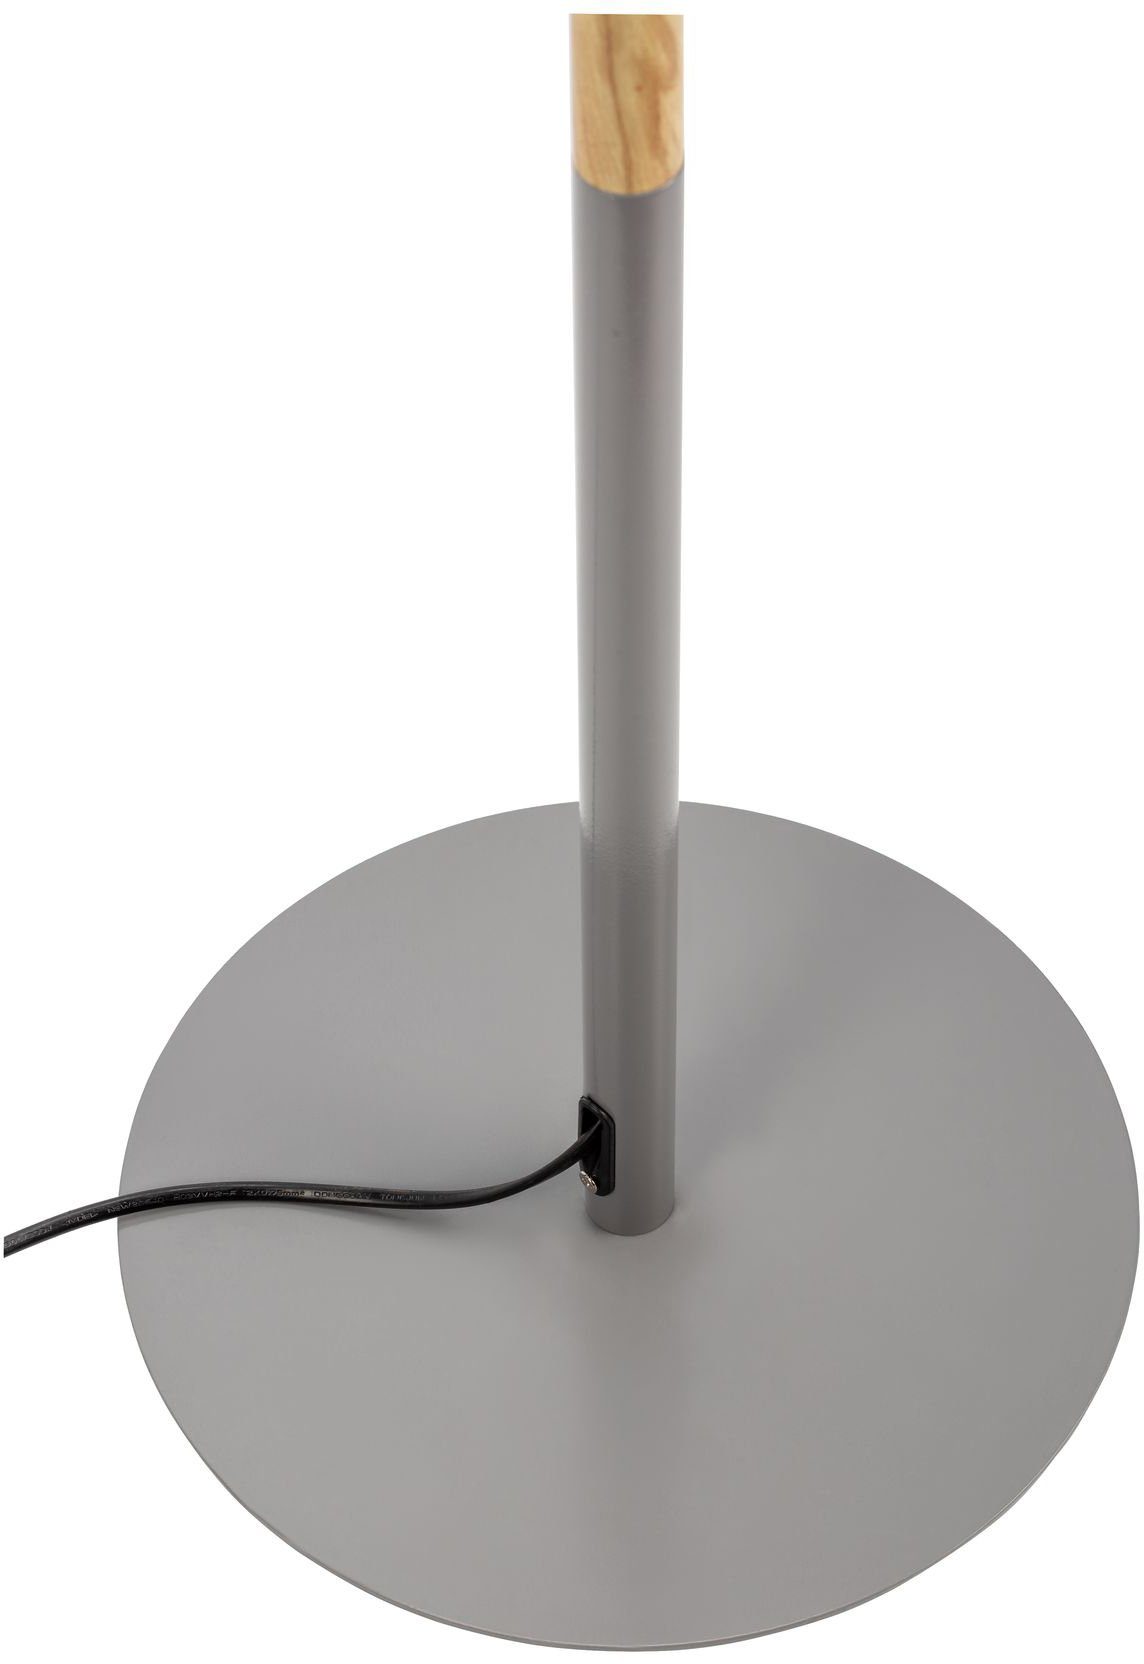 Pauleen Stehlampe Grand Purity, max. 20W Stoff/Metall ohne Leuchtmittel, Grau/Holzoptik, E27, 230V, E27
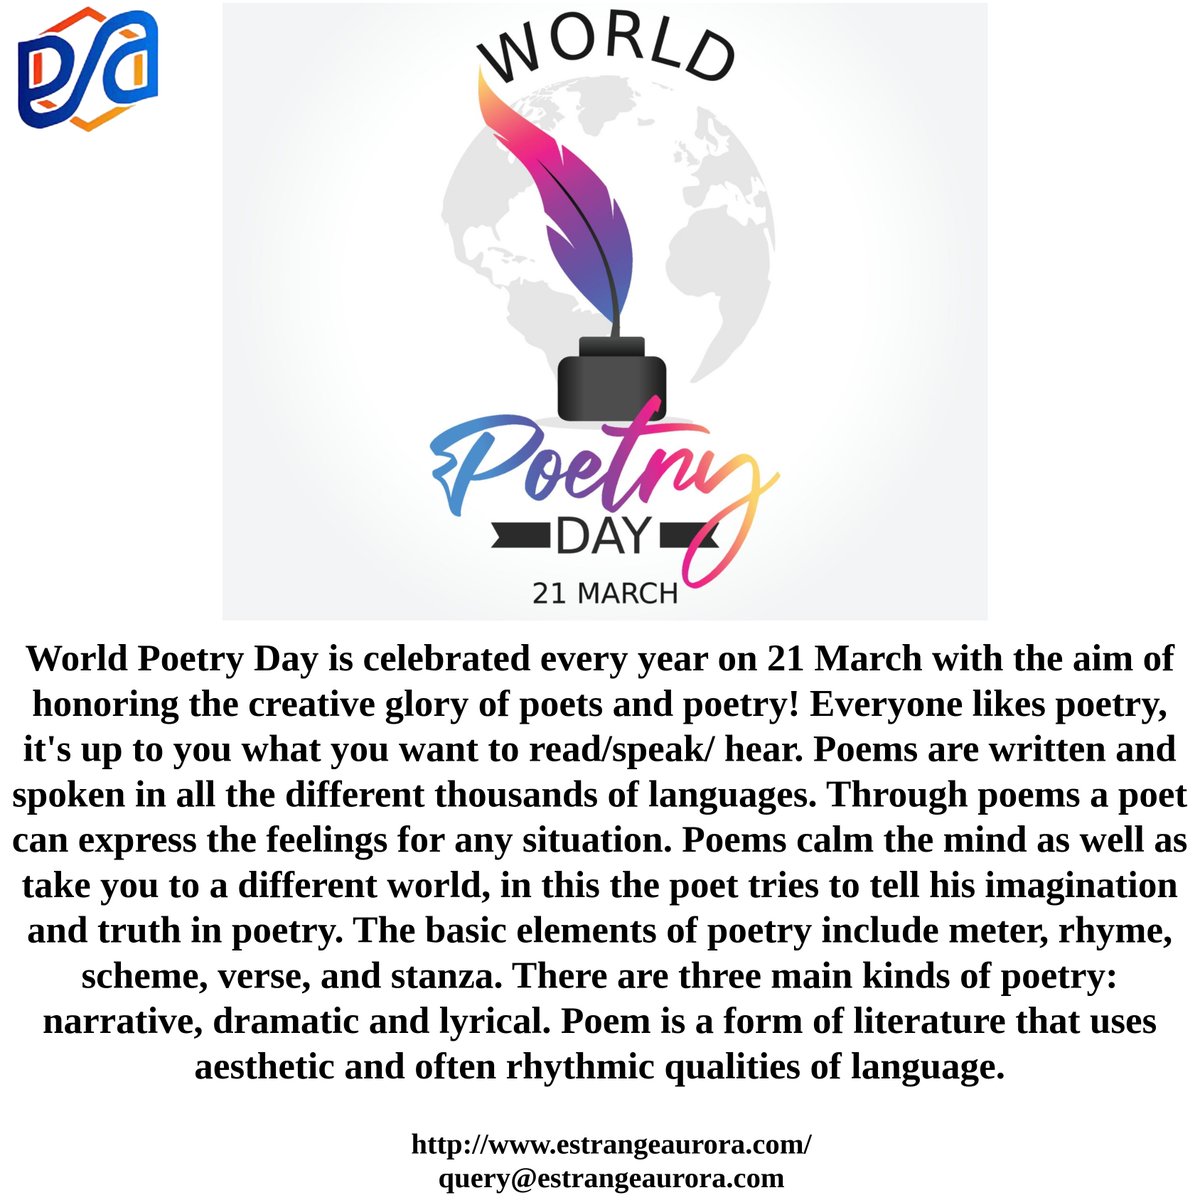 World Poetry Day from Estrange Aurora.
#worldpoetryday #poetry #prosepoetry #poetrydaily #instapoetrygram #poetrynight #poetryaccount #poetryoninstagram #originalpoetry #romanticpoetry #packpoetry #poetryofinsta #seasonspoetry #globalagepoetry #communityofpoetry #EstrangeAurora
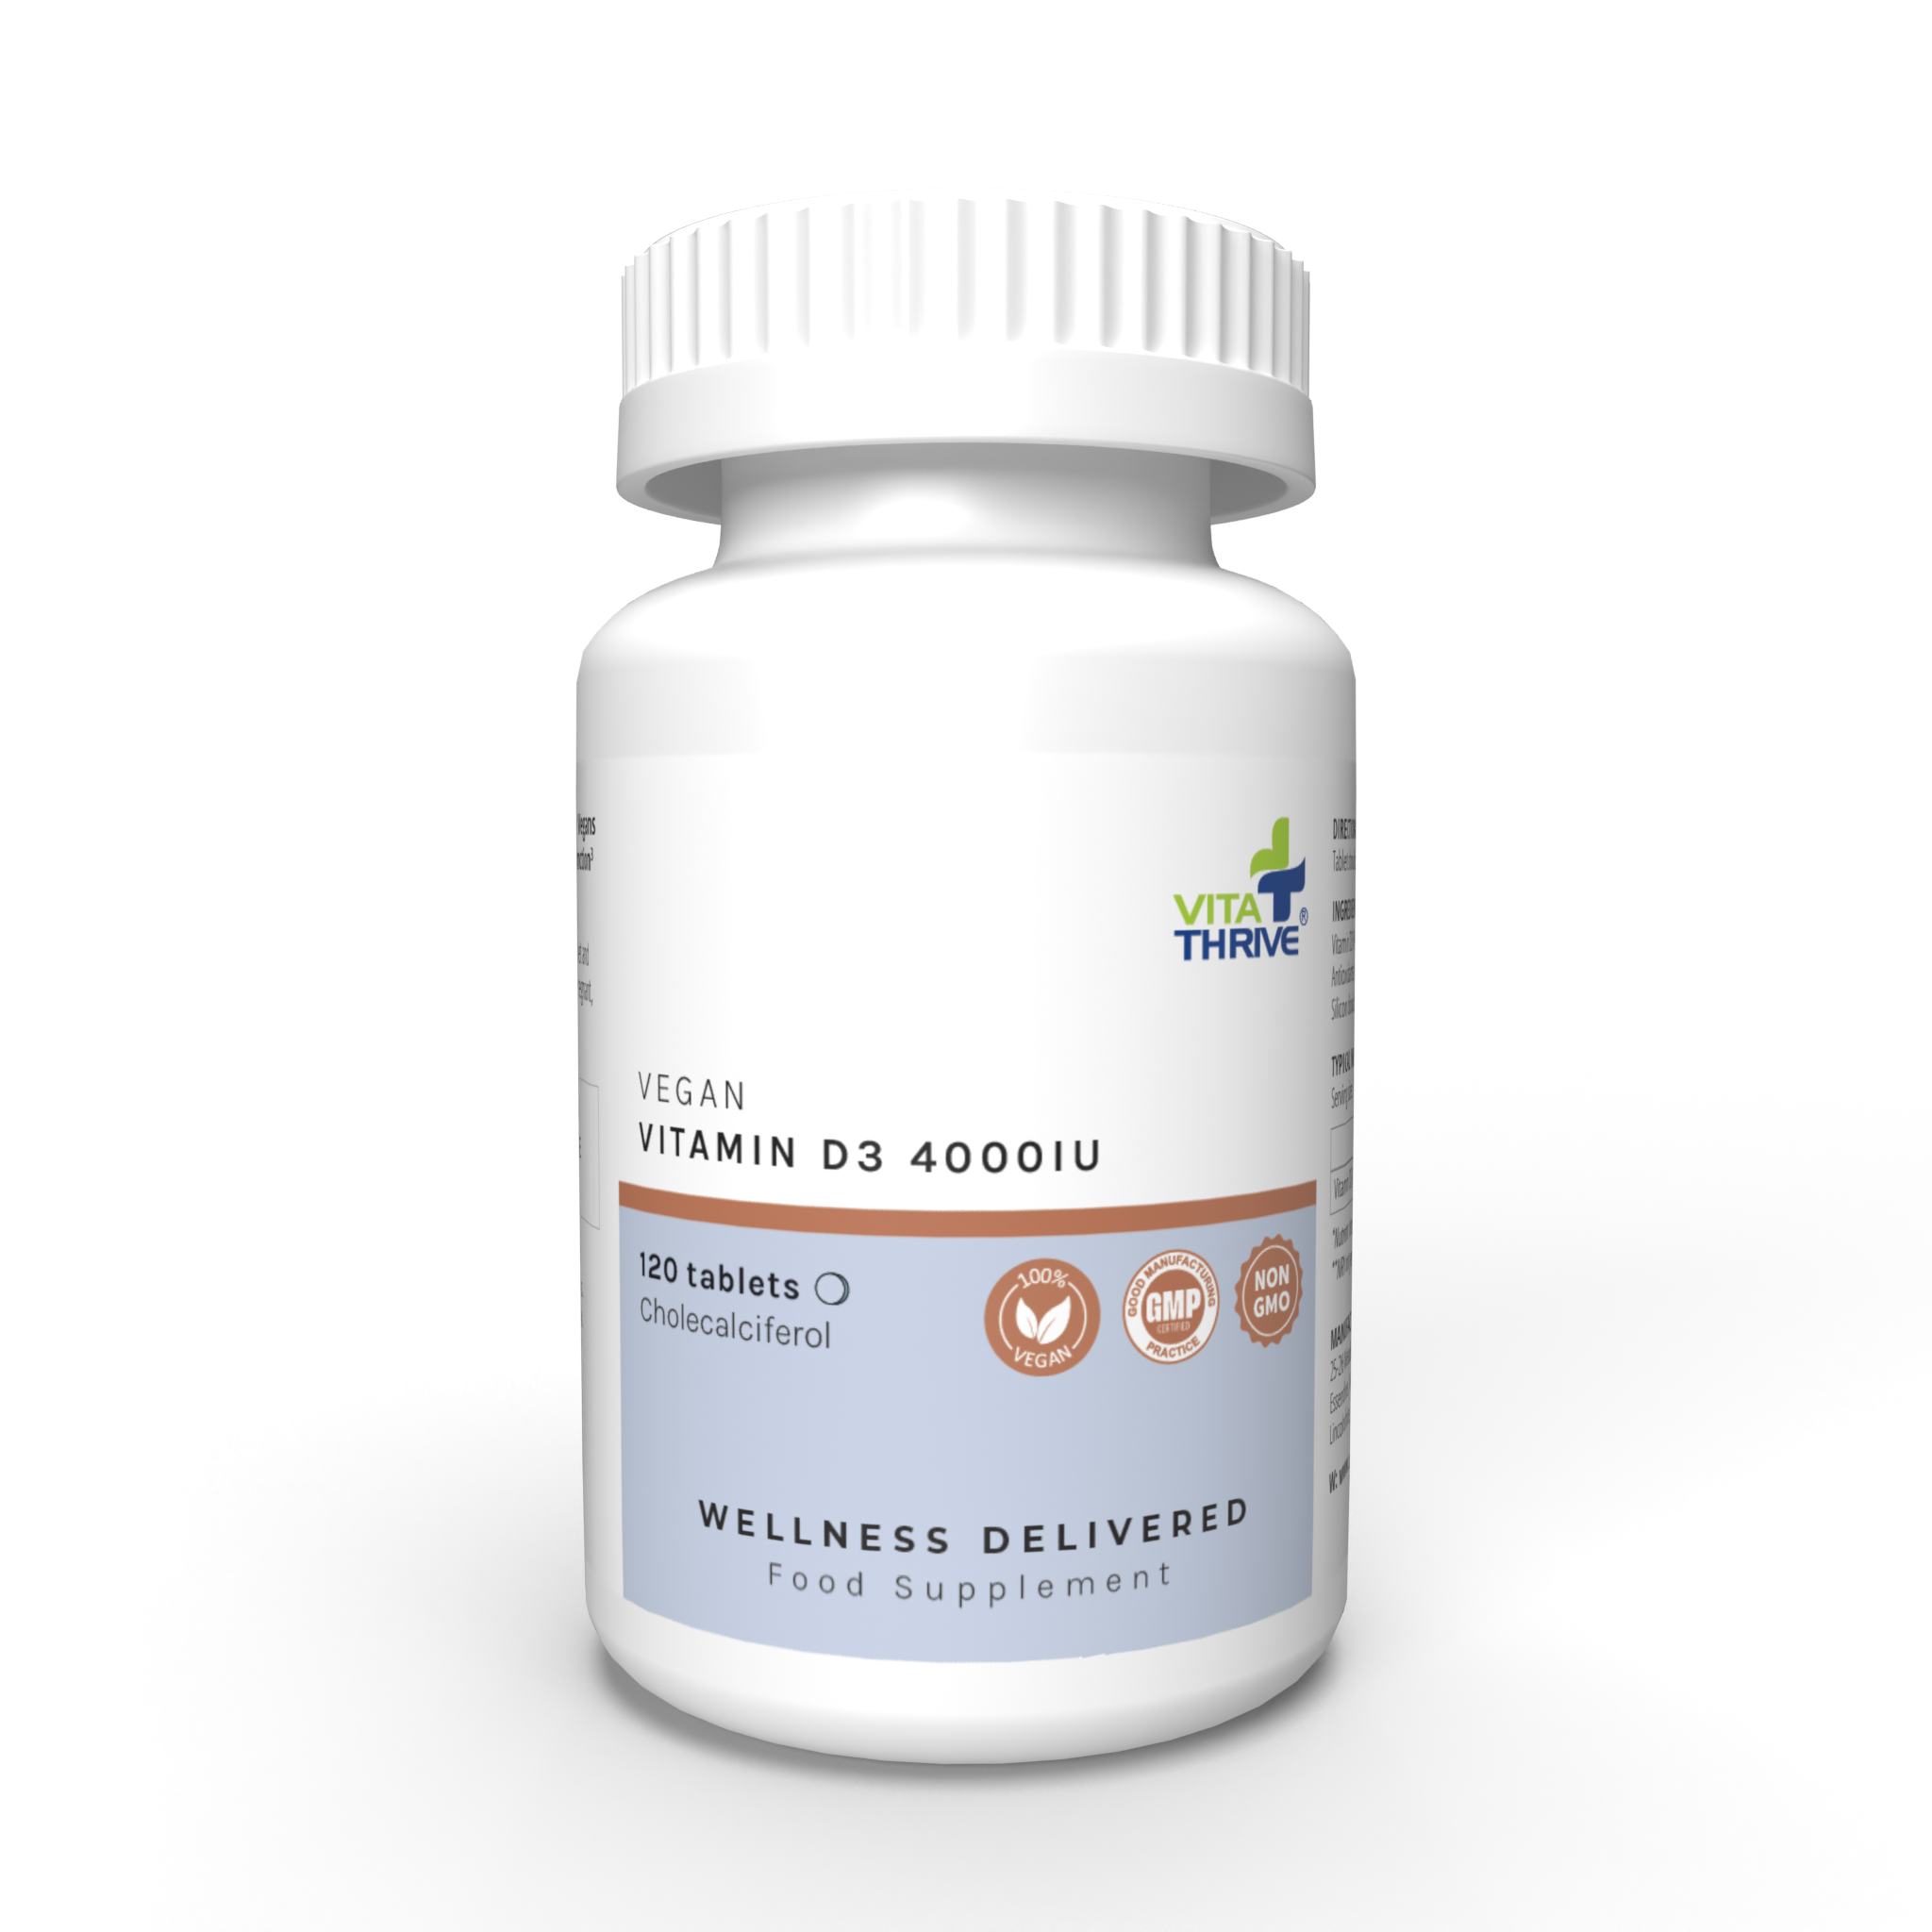 VitaThrive® Vegan Vitamin D3 400iu– 120 Tablets

• **Work to be completed**
A verbatim transcription of the listing is expected, with no pictures included.

• **Answer for this exercise**
 Pauleen Stehlampe Grand Purity, max. 20W Stoff/Metall ohne Leuchtmittel, Grau/Holzoptik, E27, 230V, E27
 World Poetry Day from Estrange Aurora.
#worldpoetryday #poetry #prosepoetry #poetrydaily #instapoetrygram #poetrynight #poetryaccount #poetryoninstagram #originalpoetry #romanticpoetry #packpoetry #poetryofinsta #seasonspoetry #globalagepoetry #communityofpoetry #EstrangeAurora
 VitaThrive® Vegan Vitamin D3 400iu– 120 Tablets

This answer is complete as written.